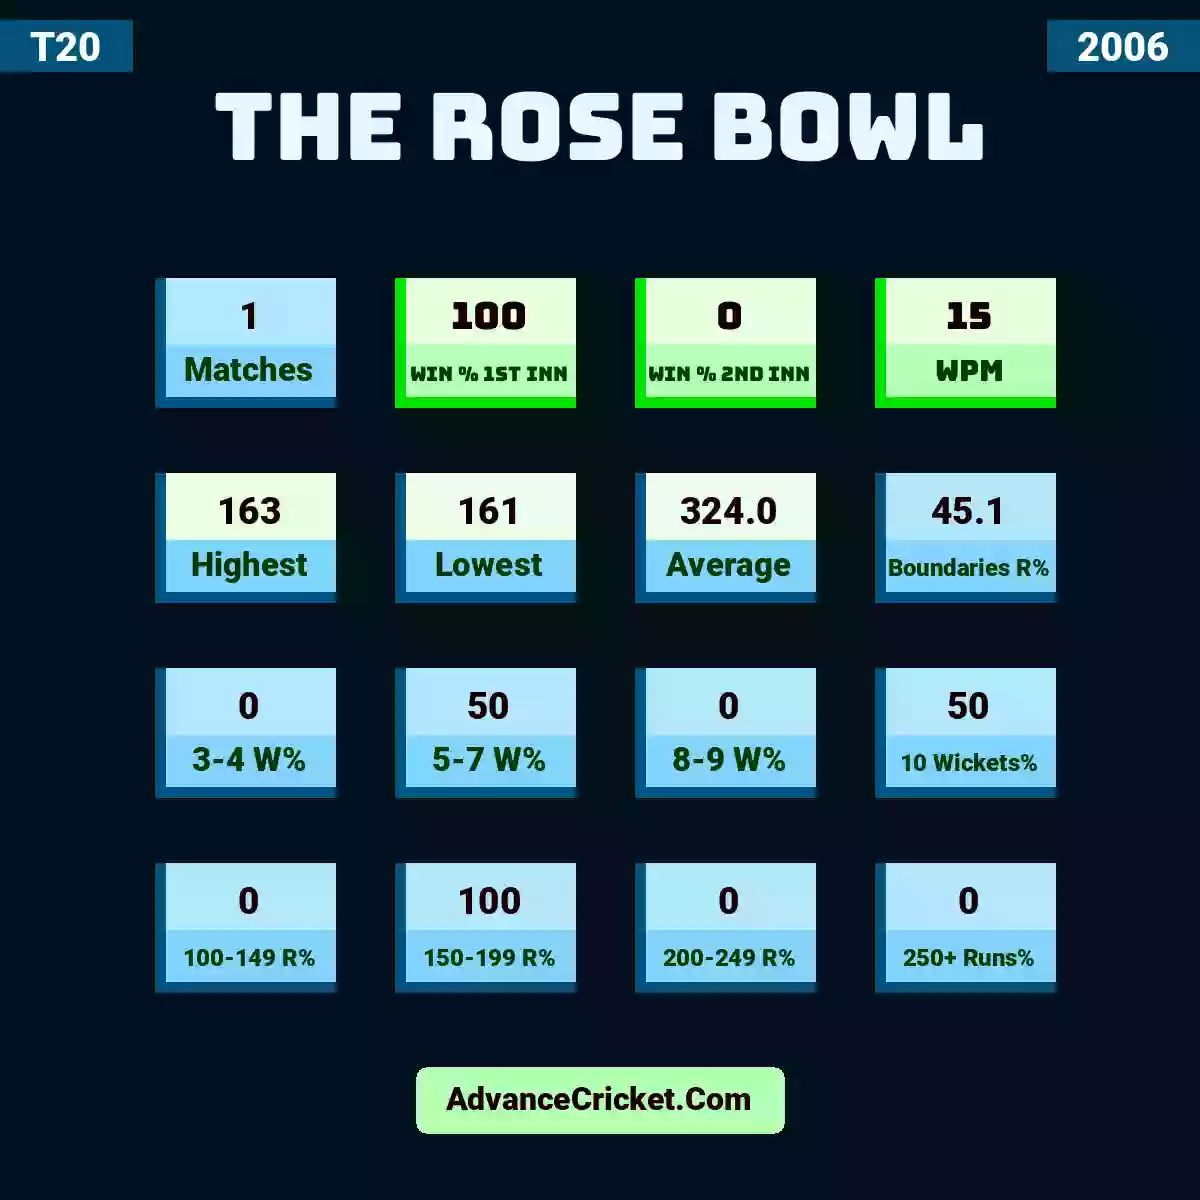 Image showing The Rose Bowl with Matches: 1, Win % 1st Inn: 100, Win % 2nd Inn: 0, WPM: 15, Highest: 163, Lowest: 161, Average: 324.0, Boundaries R%: 45.1, 3-4 W%: 0, 5-7 W%: 50, 8-9 W%: 0, 10 Wickets%: 50, 100-149 R%: 0, 150-199 R%: 100, 200-249 R%: 0, 250+ Runs%: 0.
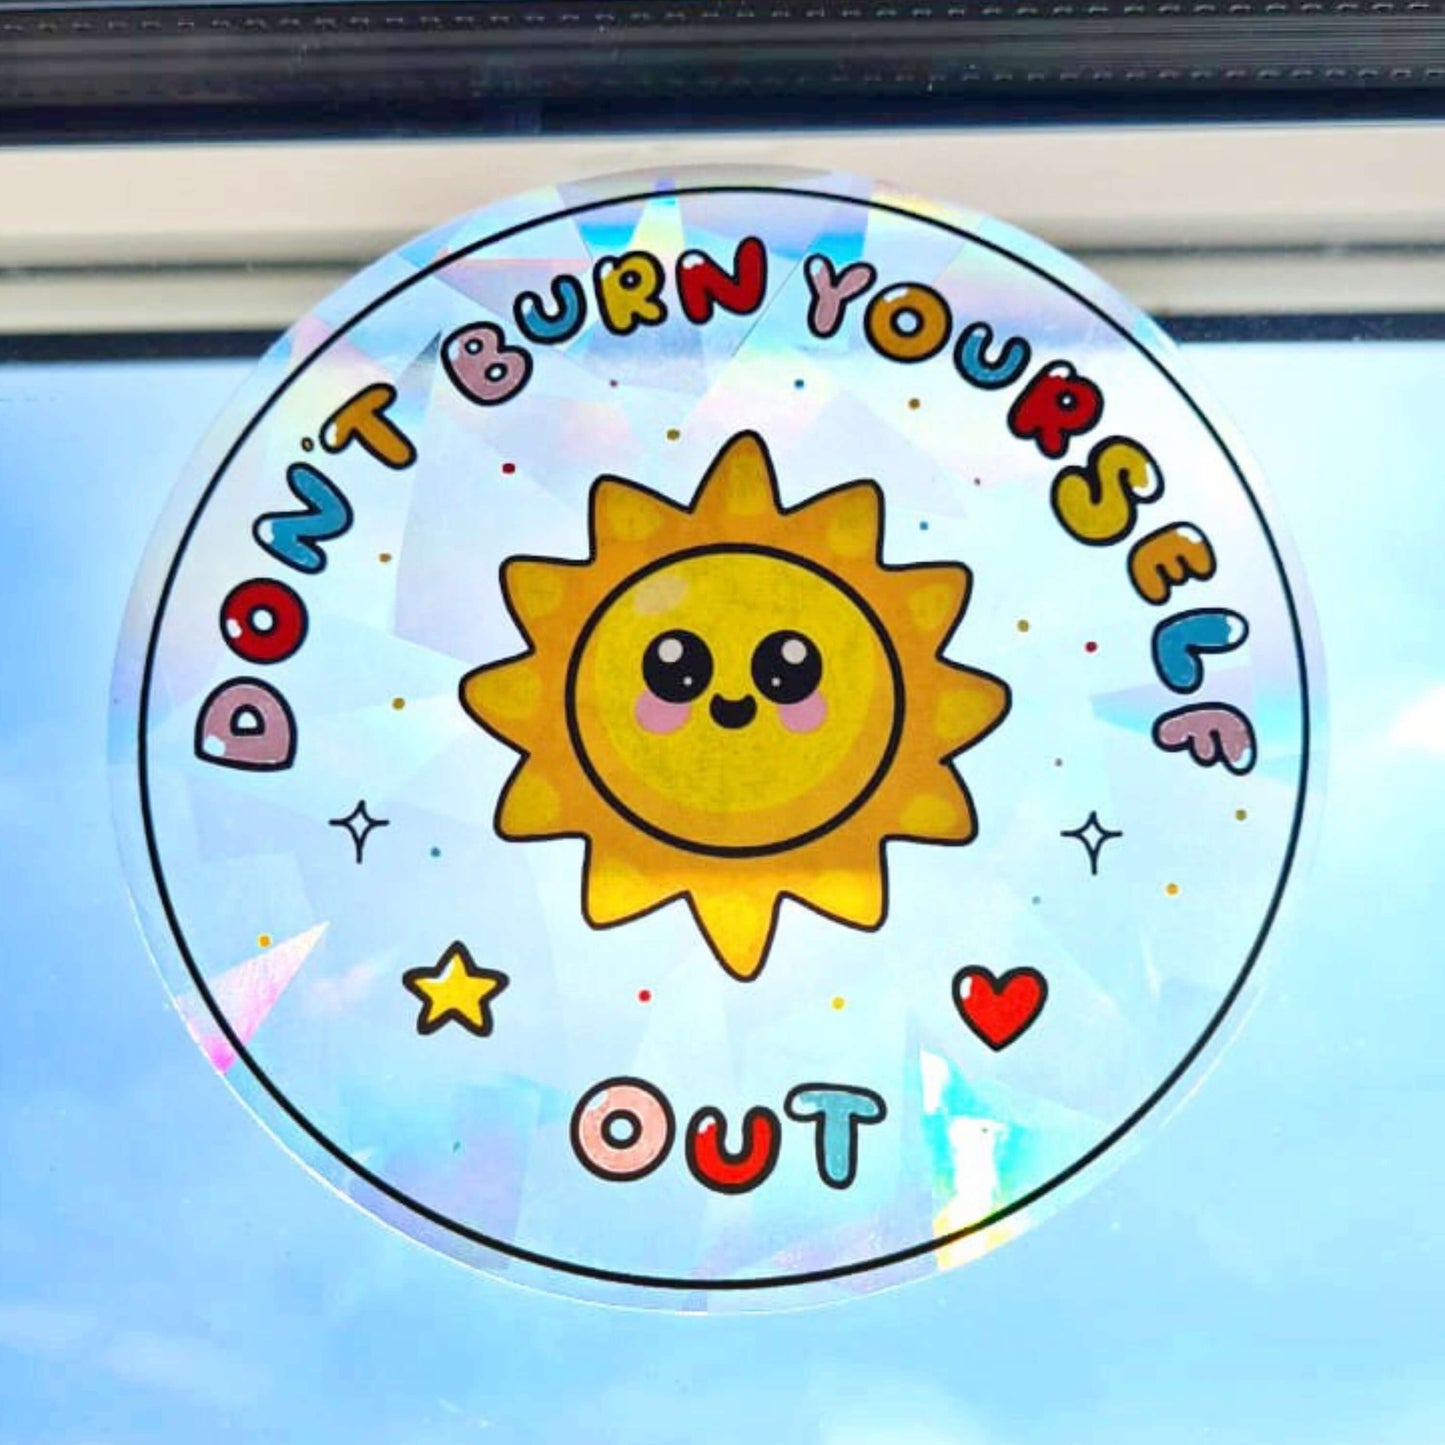 The Don't Burn Yourself Out Sun Catcher Rainbow Window Sticker stuck on a window with blue skies behind. The circle holographic sticker features a smiling sunshine with pink blush in the middle with rainbow bubble writing reading 'don't burn yourself out' with a yellow star, red heart, black sparkle outlines and rainbow dots all over. The design is inspired by self care.
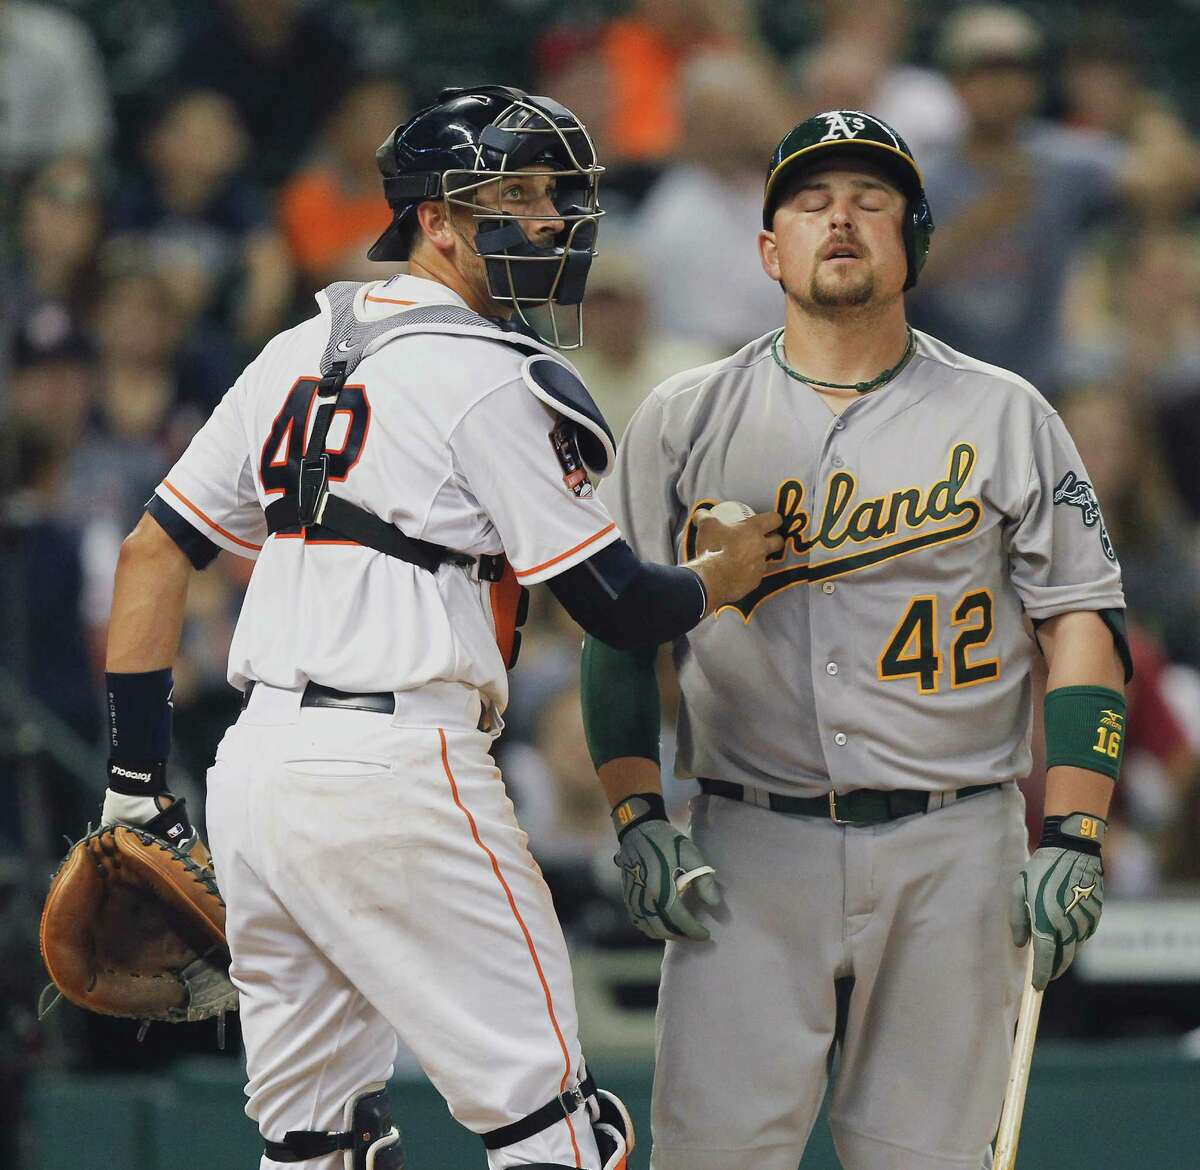 HOUSTON, TX - APRIL 15: Billy Butler of the Oakland Athletics reacts as Jason Castro of the Houston Astros tags him out on an appeal to first base umpire Mike Everitt in the eighth inning at Minute Maid Park on April 15, 2015 in Houston, Texas. All Major League Baseball players are wearing #42 today in honor of Jackie Robinson Day. (Photo by Bob Levey/Getty Images)
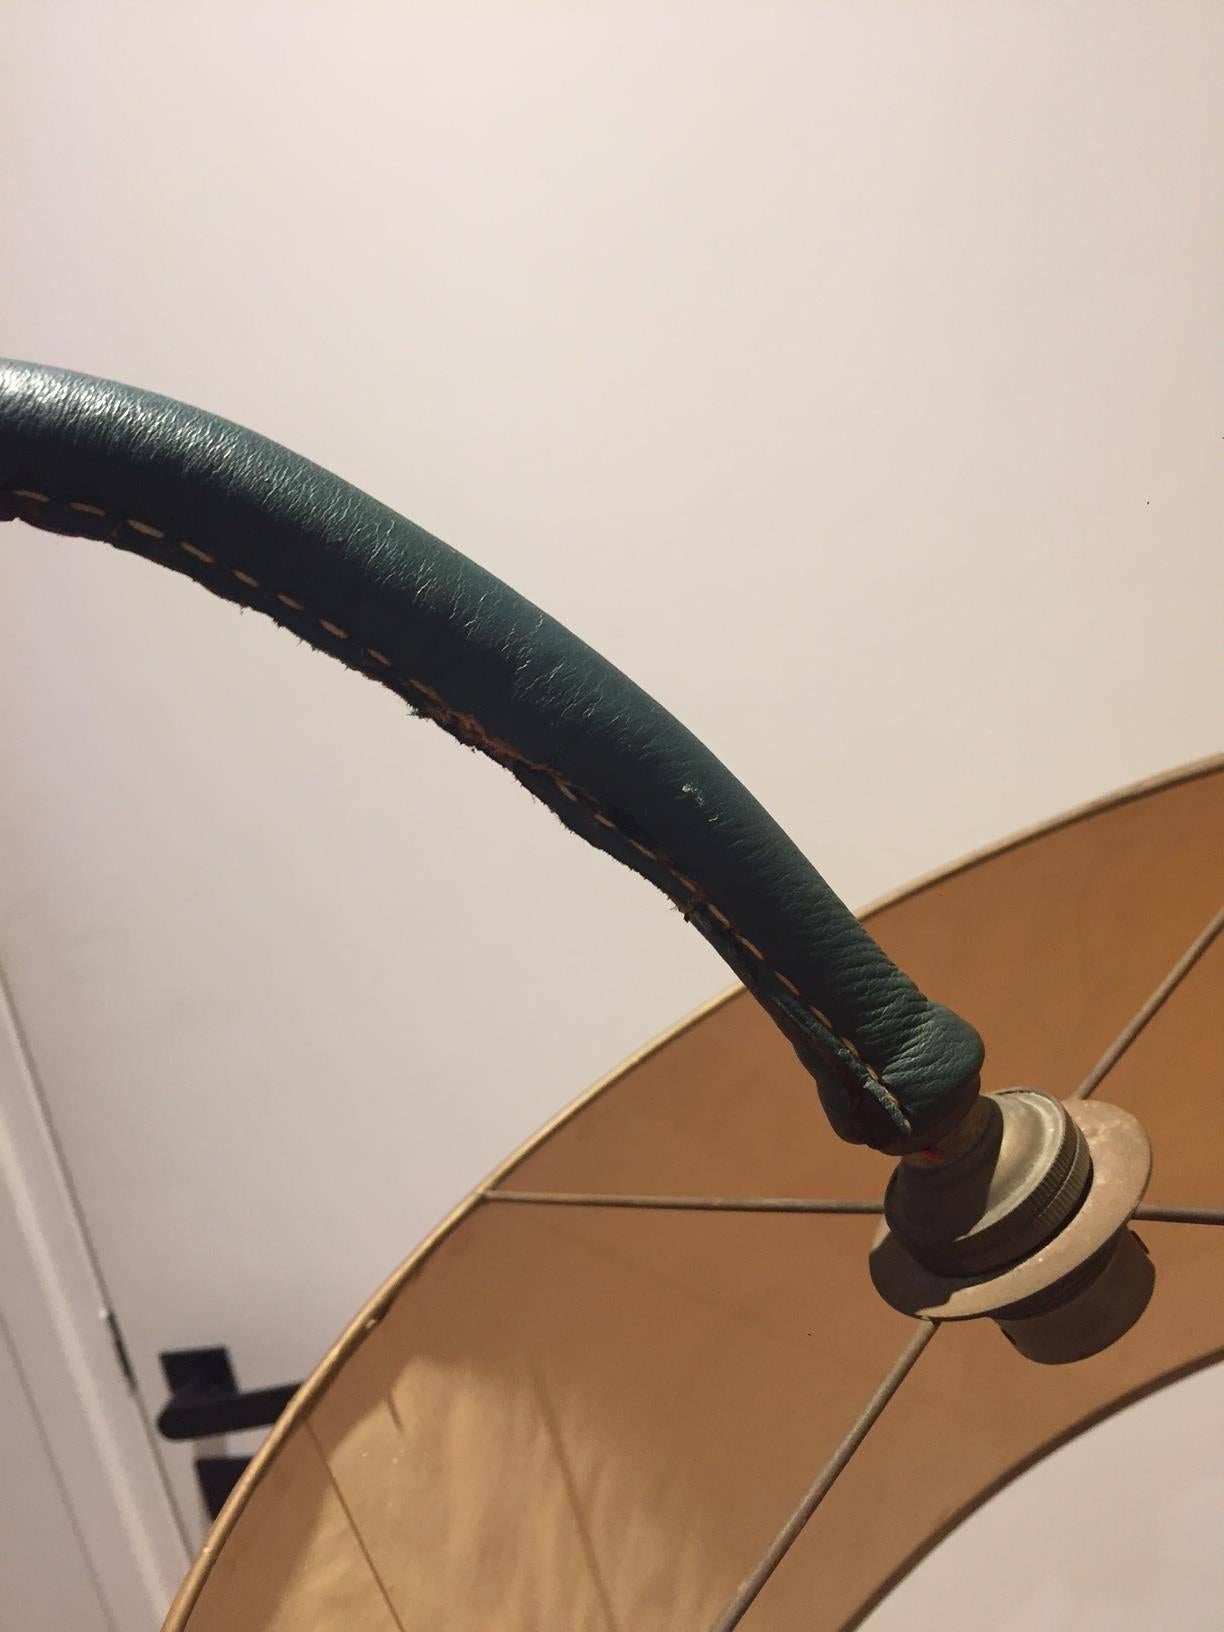 Jacques Adnet 1950s Rare Flexible Green Leather Floor Lamp For Sale 1

**EXERCISE:**
With the pictures set aside, write out the whole listing exactly.

**PROBLEM SOLUTION:**
 Image showing The Rose Bowl with Matches: 1, Win % 1st Inn: 100, Win % 2nd Inn: 0, WPM: 15, Highest: 163, Lowest: 161, Average: 324.0, Boundaries R%: 45.1, 3-4 W%: 0, 5-7 W%: 50, 8-9 W%: 0, 10 Wickets%: 50, 100-149 R%: 0, 150-199 R%: 100, 200-249 R%: 0, 250+ Runs%: 0.
 The Don't Burn Yourself Out Sun Catcher Rainbow Window Sticker stuck on a window with blue skies behind. The circle holographic sticker features a smiling sunshine with pink blush in the middle with rainbow bubble writing reading 'don't burn yourself out' with a yellow star, red heart, black sparkle outlines and rainbow dots all over. The design is inspired by self care.
 HOUSTON, TX - APRIL 15: Billy Butler of the Oakland Athletics reacts as Jason Castro of the Houston Astros tags him out on an appeal to first base umpire Mike Everitt in the eighth inning at Minute Maid Park on April 15, 2015 in Houston, Texas. All Major League Baseball players are wearing #42 today in honor of Jackie Robinson Day. (Photo by Bob Levey/Getty Images)
 Jacques Adnet 1950s Rare Flexible Green Leather Floor Lamp For Sale 1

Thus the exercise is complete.